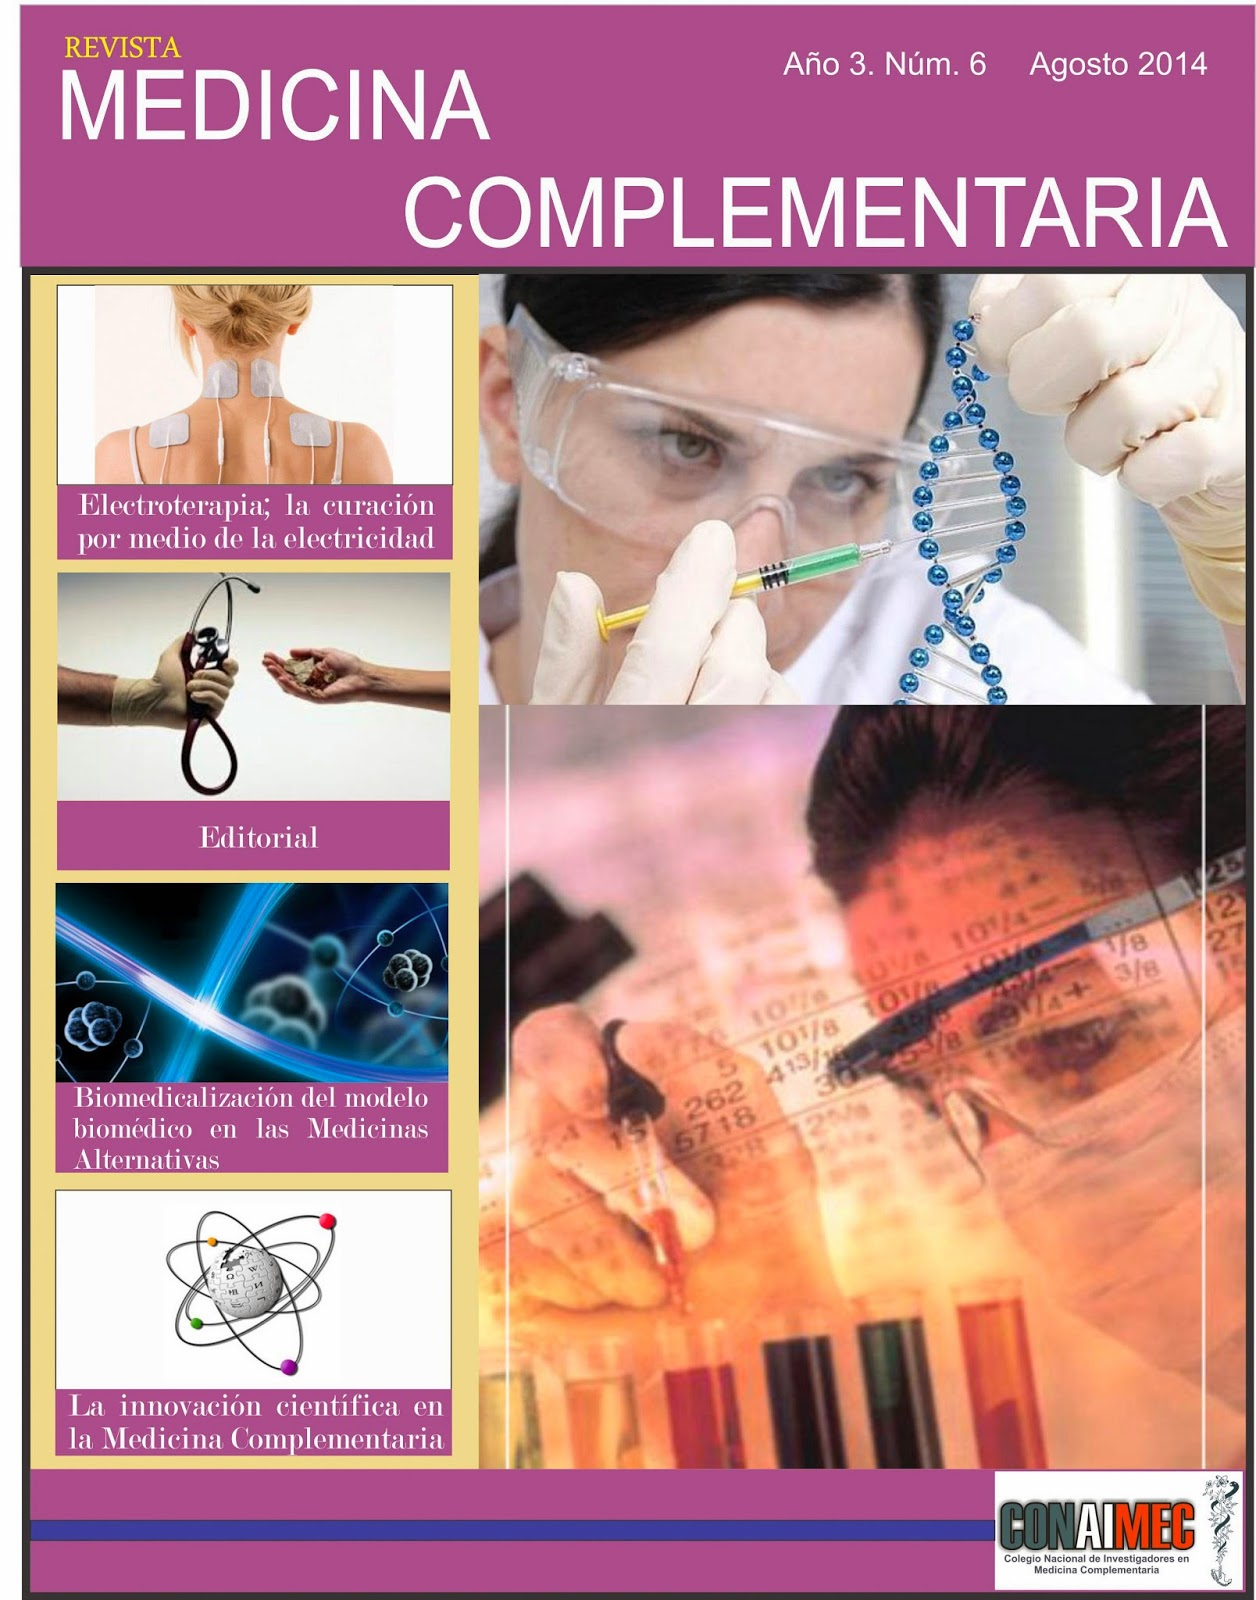 Descargar Revista 6 - CONAIMEC
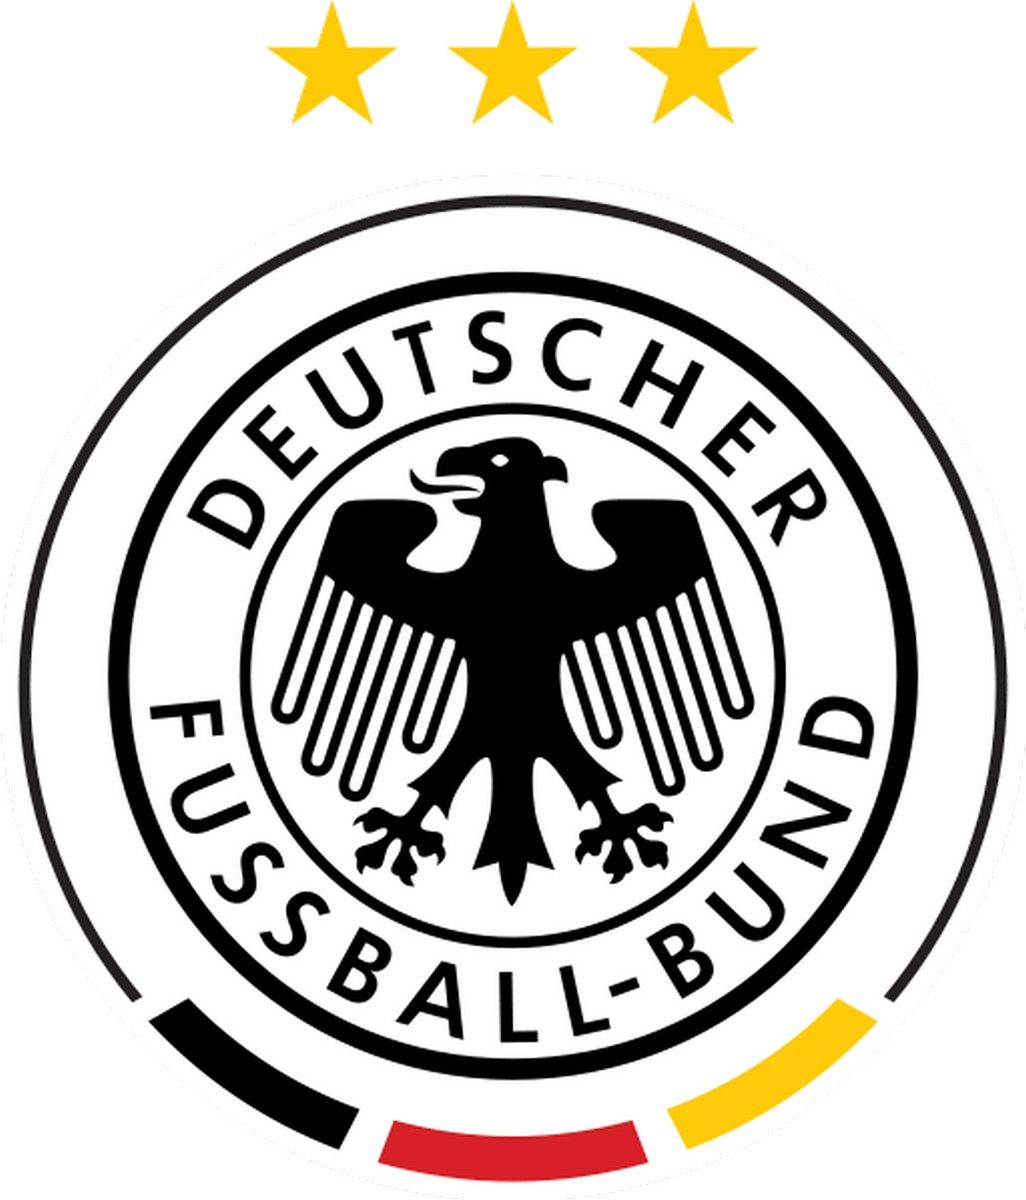 Germany Football Badge Jpg 1 026 1 200 Pixels Germany National Football Team Germany Football Germany Football Team
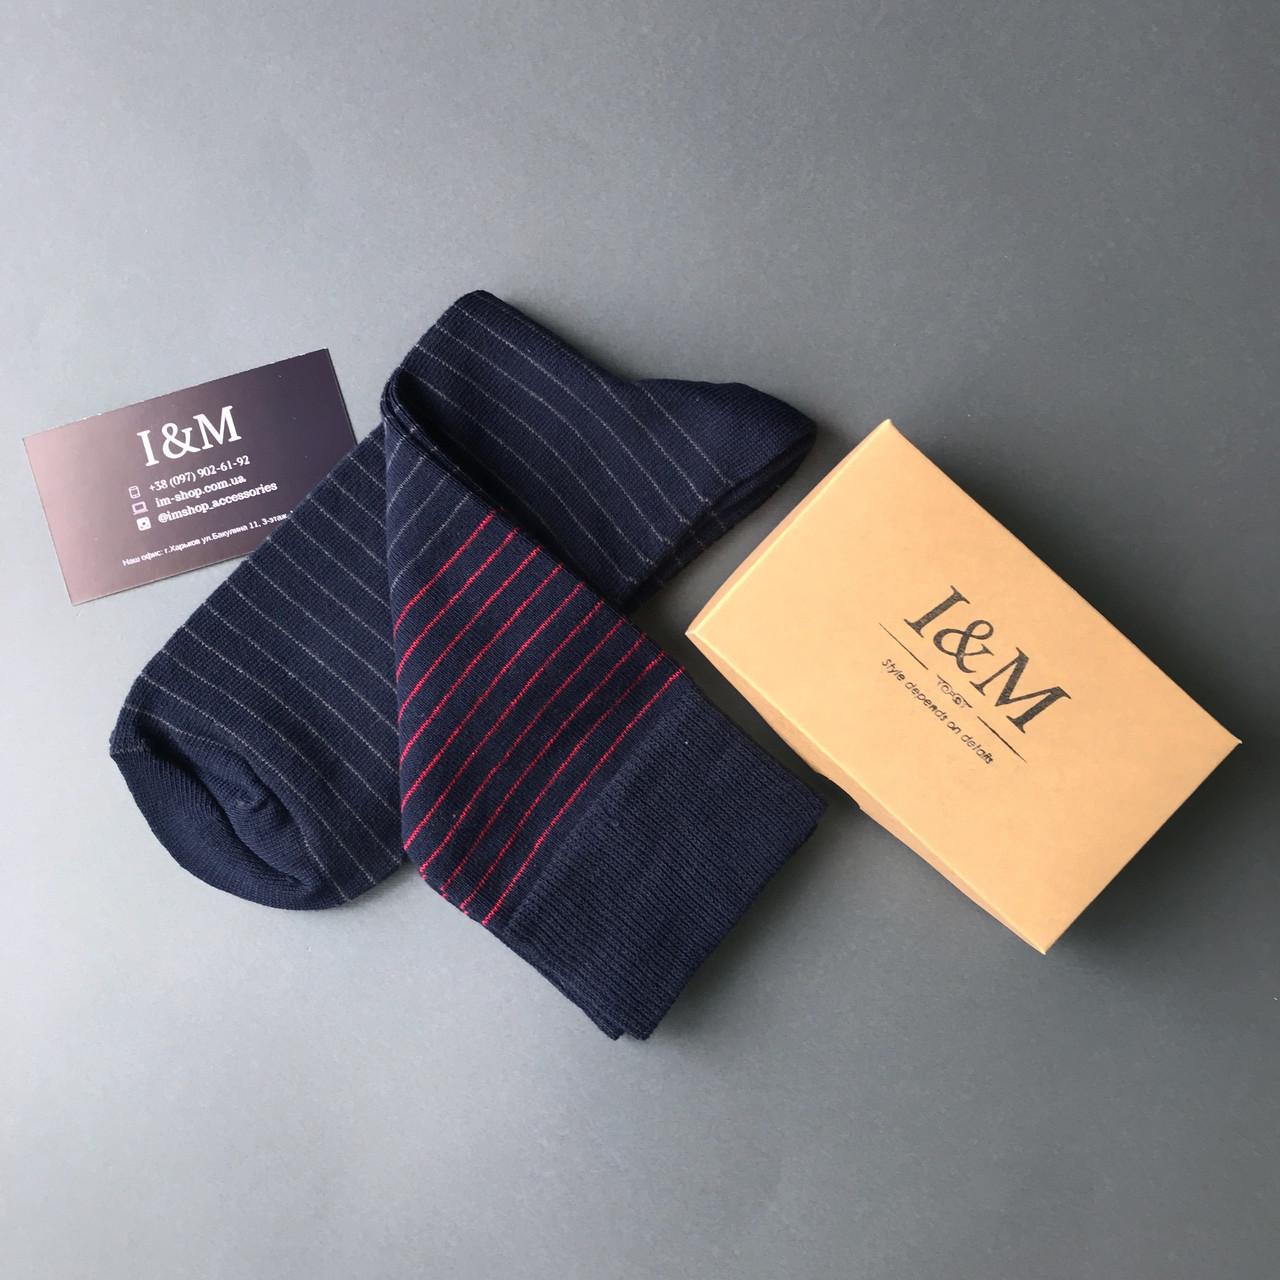 Носки I&M Craft темно-синие с серой и красной полоской (070217)
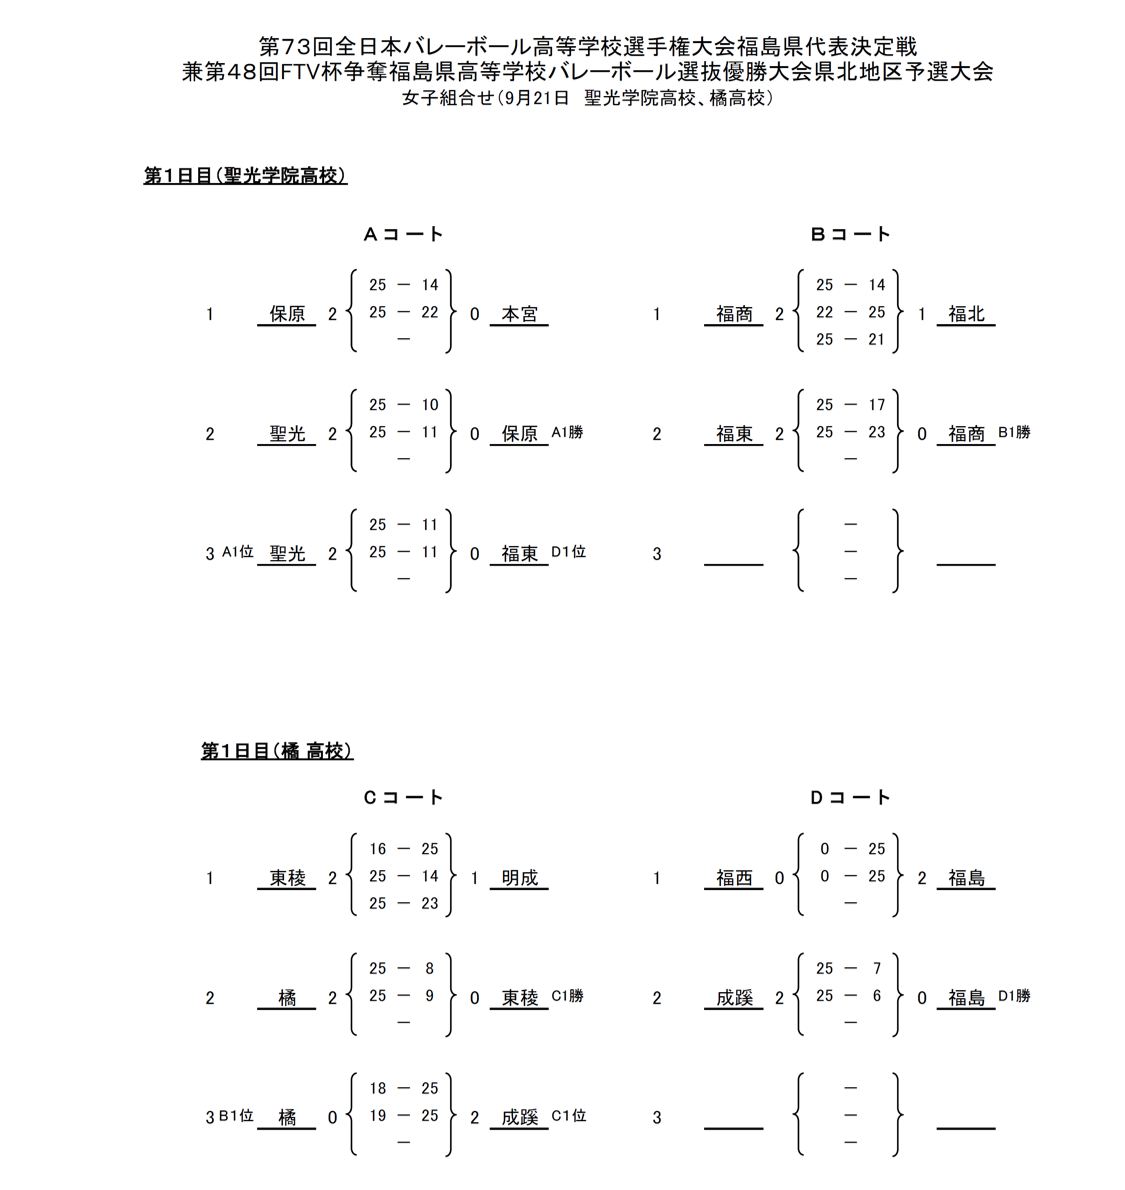 2020年度_全日本高校選手権_福島予選_県北地区_女子_結果1

*What you will do:*
The required output is an exact copy of the lines from the one with "Носки I&M Craft" through the final line of the data above, with pictures removed.

*Result:*
 Носки I&M Craft темно-синие с серой и красной полоской (070217)
 2020年度_全日本高校選手権_福島予選_県北地区_女子_結果1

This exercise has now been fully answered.